# Week 19 Group Activity

## 1. Take one of the supervised learning models you have built recently and apply at least three dimensionality reduction techniques to it (separately). Be sure to create a short summary of each technique you use. Indicate how each changed the model performance. 
Reference:
https://machinelearningmastery.com/dimensionality-reduction-algorithms-with-python/

In [23]:
# Dependencies and Modules

import numpy as np
import pandas as pd
from sklearn import metrics

import matplotlib.pyplot as plt
from sklearn.discriminant_analysis import LinearDiscriminantAnalysis
from sklearn.linear_model import LogisticRegression
from sklearn.preprocessing import StandardScaler
from sklearn.model_selection import cross_val_score, RepeatedStratifiedKFold, train_test_split
from sklearn.pipeline import Pipeline
from scipy.spatial.distance import cdist
from sklearn.decomposition import PCA
from sklearn.manifold import Isomap

# diabetes csv:
diabetes_df = pd.read_csv("diabetes.csv")

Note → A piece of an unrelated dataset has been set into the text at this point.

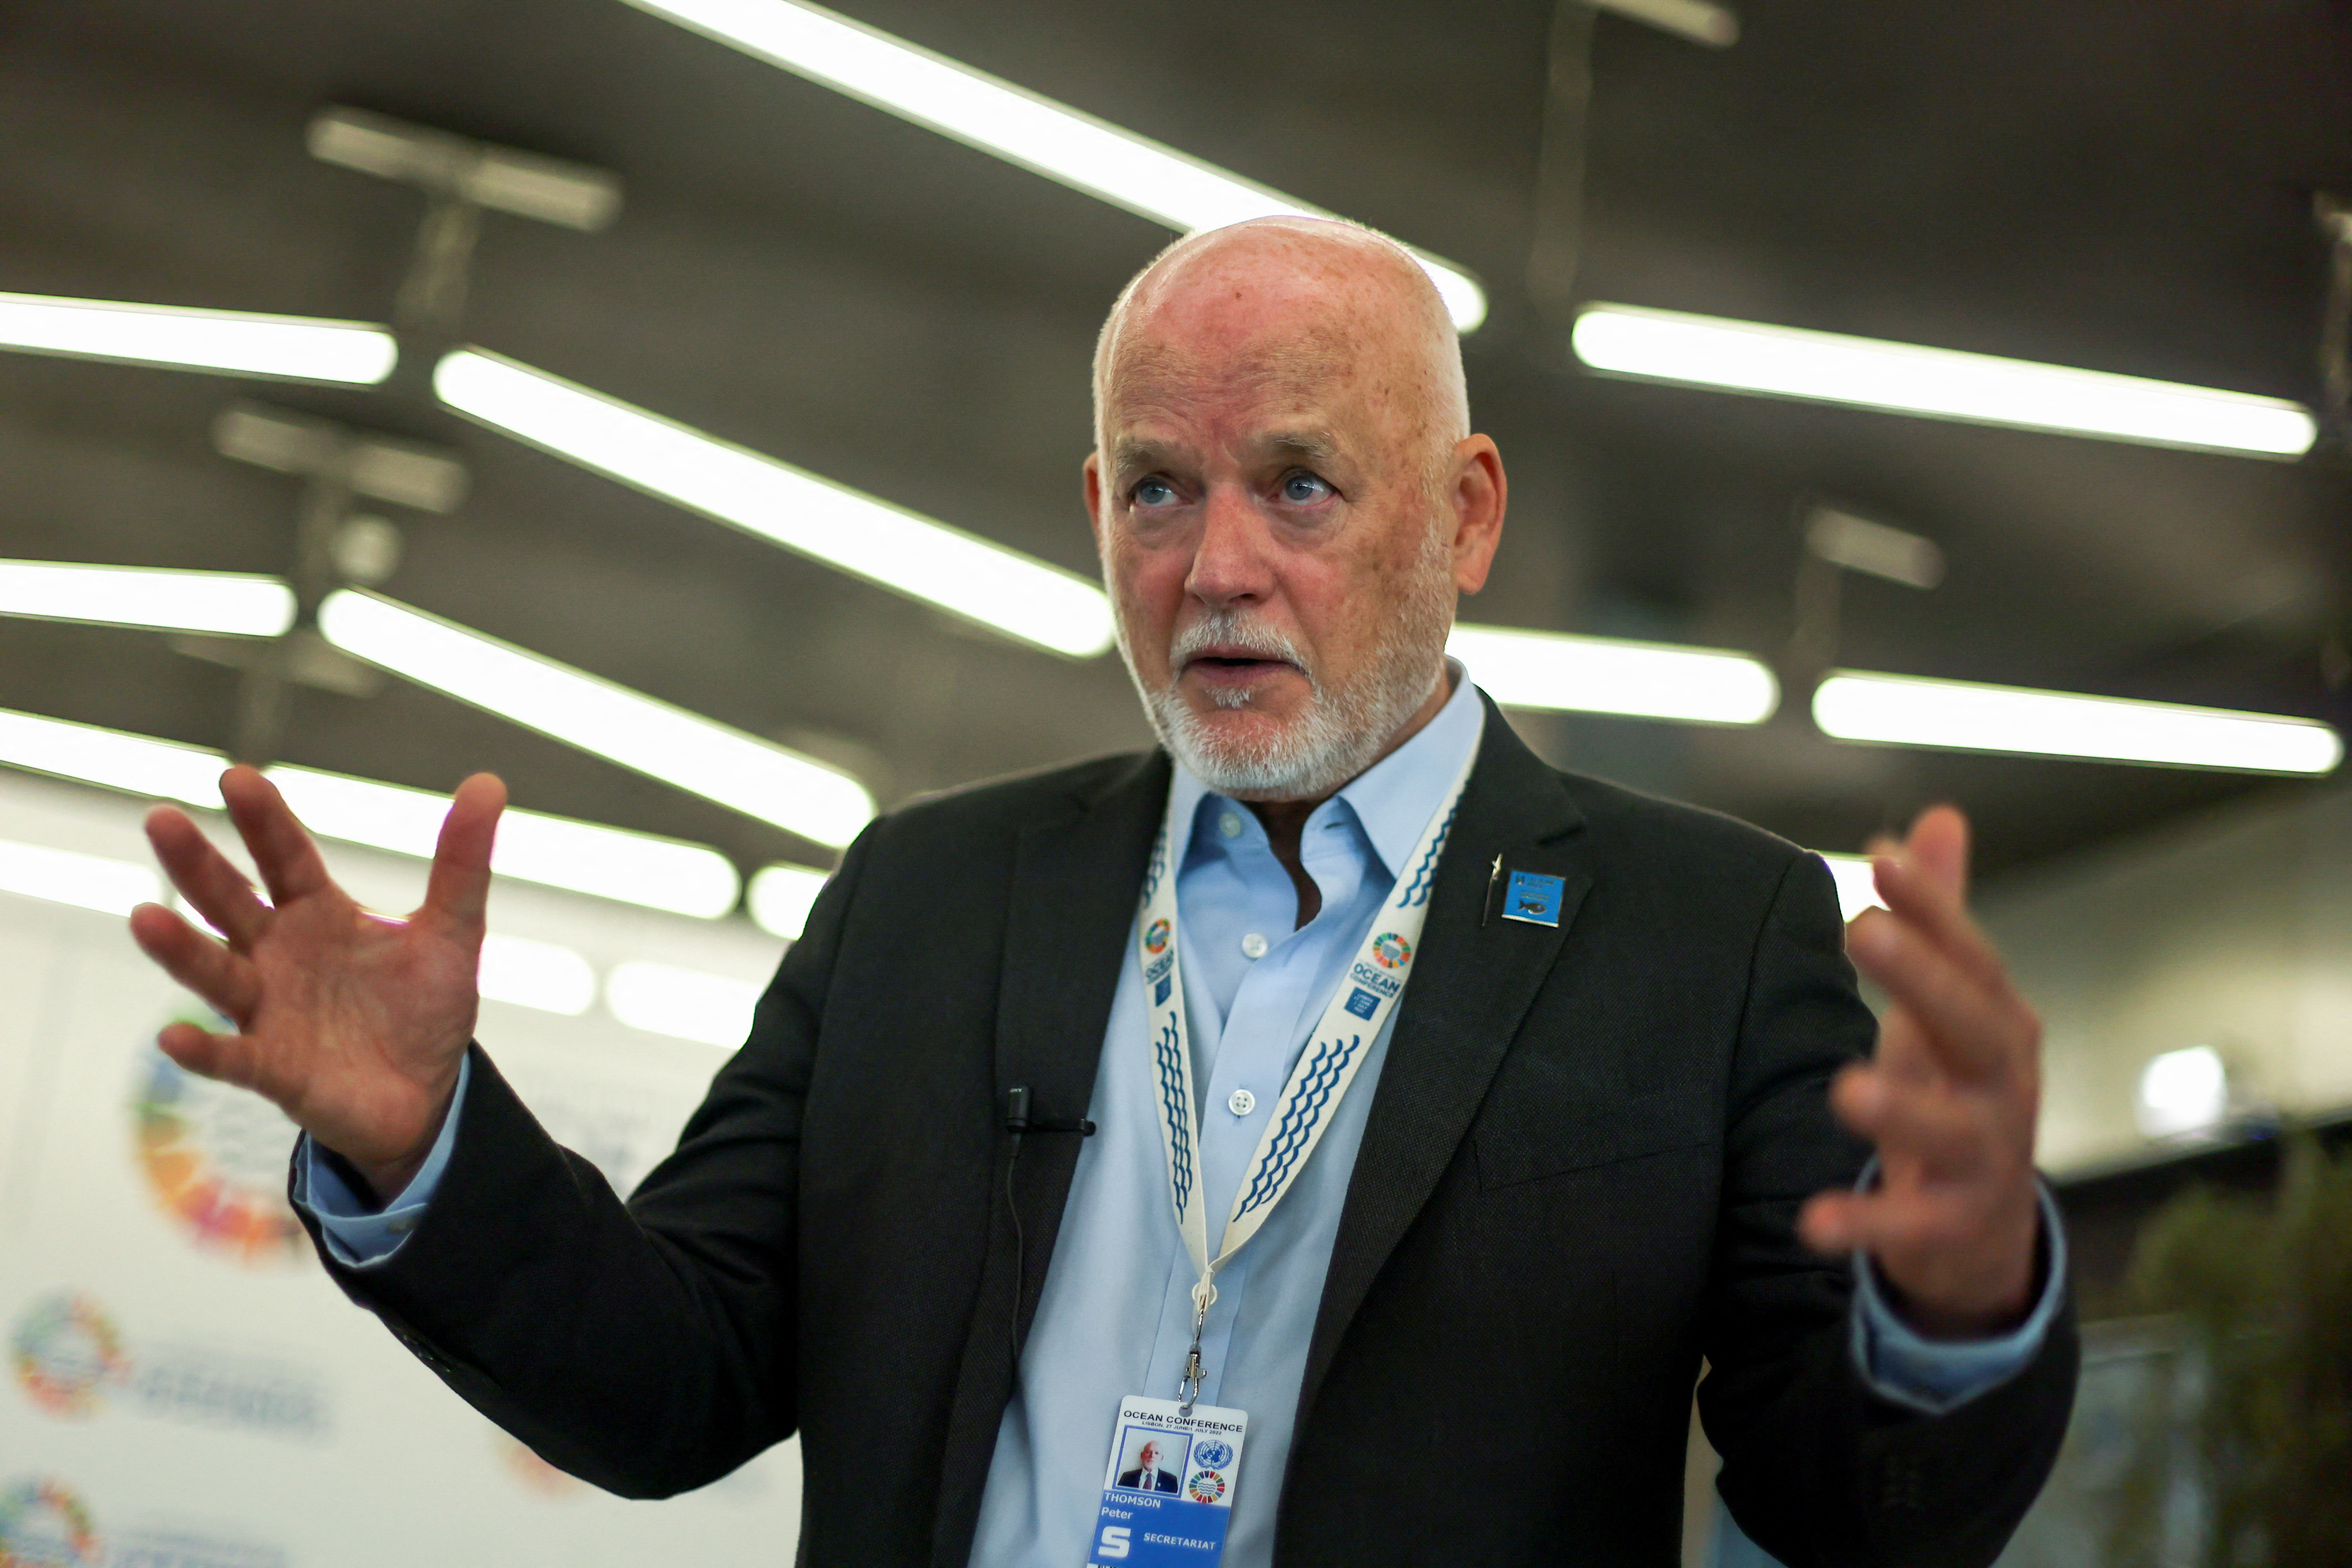 UN Special Envoy for the Ocean, Peter Thomson, gestures during an interview ahead of the 2022 Ocean Conference in Lisbon

# Separate data into input and output variables
X = diabetes_df.drop('Outcome', axis=1)
y = diabetes_df['Outcome']

# Split up data into training and test dates:
X_train, X_test, y_train, y_test = train_test_split(X, y, test_size = 0.3, random_state=42, stratify=y)

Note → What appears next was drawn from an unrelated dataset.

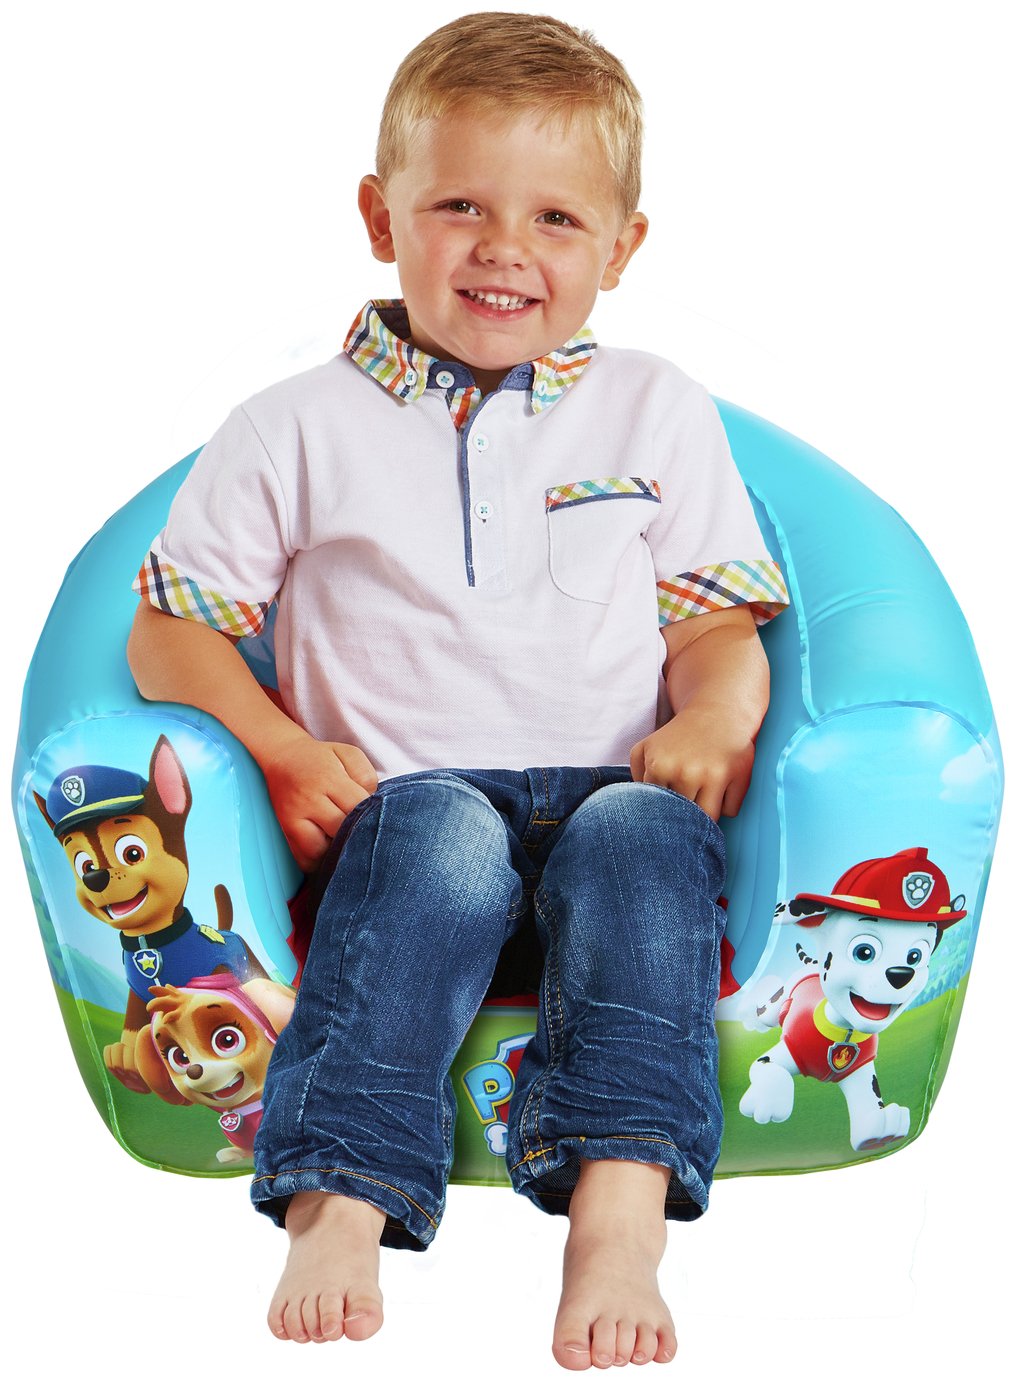 PAW Patrol Flocked Chair Review

### Linear Discriminant Analysis

In [22]:
# set the parameters
steps = [('lda', LinearDiscriminantAnalysis(n_components=1)), ('m', LogisticRegression())]
model = Pipeline(steps=steps)

# evaluate model
cv = RepeatedStratifiedKFold(n_splits=10, n_repeats=3, random_state=42)
n_scores = cross_val_score(model, X, y, scoring='accuracy', cv=cv, n_jobs=-1)

# Report
print('Accuracy: %.3f (%.3f)' % (np.mean(n_scores), np.std(n_scores)))

Accuracy: 0.772 (0.043)


This score is already better than what we get in class with just LogisticRegression. Linear Discriminant Analysis is appropriate for this dataset because it is a multi-class classification algorithm. It works by limiting the number of dimensions for the projection to 1, Class-1. 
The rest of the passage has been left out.